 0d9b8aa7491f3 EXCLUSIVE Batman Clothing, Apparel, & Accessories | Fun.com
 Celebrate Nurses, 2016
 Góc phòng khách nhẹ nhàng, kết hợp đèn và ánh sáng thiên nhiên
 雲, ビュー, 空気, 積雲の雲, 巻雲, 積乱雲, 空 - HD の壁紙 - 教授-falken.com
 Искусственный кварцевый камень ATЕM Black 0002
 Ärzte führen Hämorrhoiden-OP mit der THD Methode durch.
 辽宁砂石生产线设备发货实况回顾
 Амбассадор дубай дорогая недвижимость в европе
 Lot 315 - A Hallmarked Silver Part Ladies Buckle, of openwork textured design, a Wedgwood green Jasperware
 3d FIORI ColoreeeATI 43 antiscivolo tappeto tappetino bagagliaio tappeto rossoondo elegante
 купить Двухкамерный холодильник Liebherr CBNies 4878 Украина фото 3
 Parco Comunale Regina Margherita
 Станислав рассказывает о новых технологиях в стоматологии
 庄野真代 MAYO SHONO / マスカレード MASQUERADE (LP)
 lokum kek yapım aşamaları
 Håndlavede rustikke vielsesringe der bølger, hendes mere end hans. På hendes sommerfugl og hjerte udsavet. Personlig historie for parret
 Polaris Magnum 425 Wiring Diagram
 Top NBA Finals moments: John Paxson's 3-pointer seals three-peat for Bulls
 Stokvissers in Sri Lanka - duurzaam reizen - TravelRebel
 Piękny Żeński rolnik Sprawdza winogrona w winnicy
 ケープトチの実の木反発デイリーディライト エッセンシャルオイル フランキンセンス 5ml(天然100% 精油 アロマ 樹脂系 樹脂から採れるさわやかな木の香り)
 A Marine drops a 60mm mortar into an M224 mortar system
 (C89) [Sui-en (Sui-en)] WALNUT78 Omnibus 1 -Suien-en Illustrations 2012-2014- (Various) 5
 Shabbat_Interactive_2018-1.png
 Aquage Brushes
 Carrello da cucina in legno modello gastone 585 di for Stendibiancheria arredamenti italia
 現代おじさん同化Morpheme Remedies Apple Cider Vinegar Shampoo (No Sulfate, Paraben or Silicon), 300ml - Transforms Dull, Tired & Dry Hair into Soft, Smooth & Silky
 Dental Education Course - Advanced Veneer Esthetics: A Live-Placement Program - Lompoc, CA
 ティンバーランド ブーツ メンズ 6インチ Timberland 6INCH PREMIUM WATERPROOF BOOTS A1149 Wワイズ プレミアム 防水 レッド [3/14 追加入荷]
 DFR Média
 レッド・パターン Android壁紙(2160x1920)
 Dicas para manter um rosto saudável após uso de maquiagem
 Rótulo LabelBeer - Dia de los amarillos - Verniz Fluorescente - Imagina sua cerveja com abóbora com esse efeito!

**TASK TO COMPLETE**
Only the stretch of lines that begins with the one holding "レッド・パターン Android壁紙(2160x1920)" and ends with the last line above belongs in the answer; please write it out exactly.

**PROBLEM SOLUTION**
 レッド・パターン Android壁紙(2160x1920)
 Dicas para manter um rosto saudável após uso de maquiagem
 Rótulo LabelBeer - Dia de los amarillos - Verniz Fluorescente - Imagina sua cerveja com abóbora com esse efeito!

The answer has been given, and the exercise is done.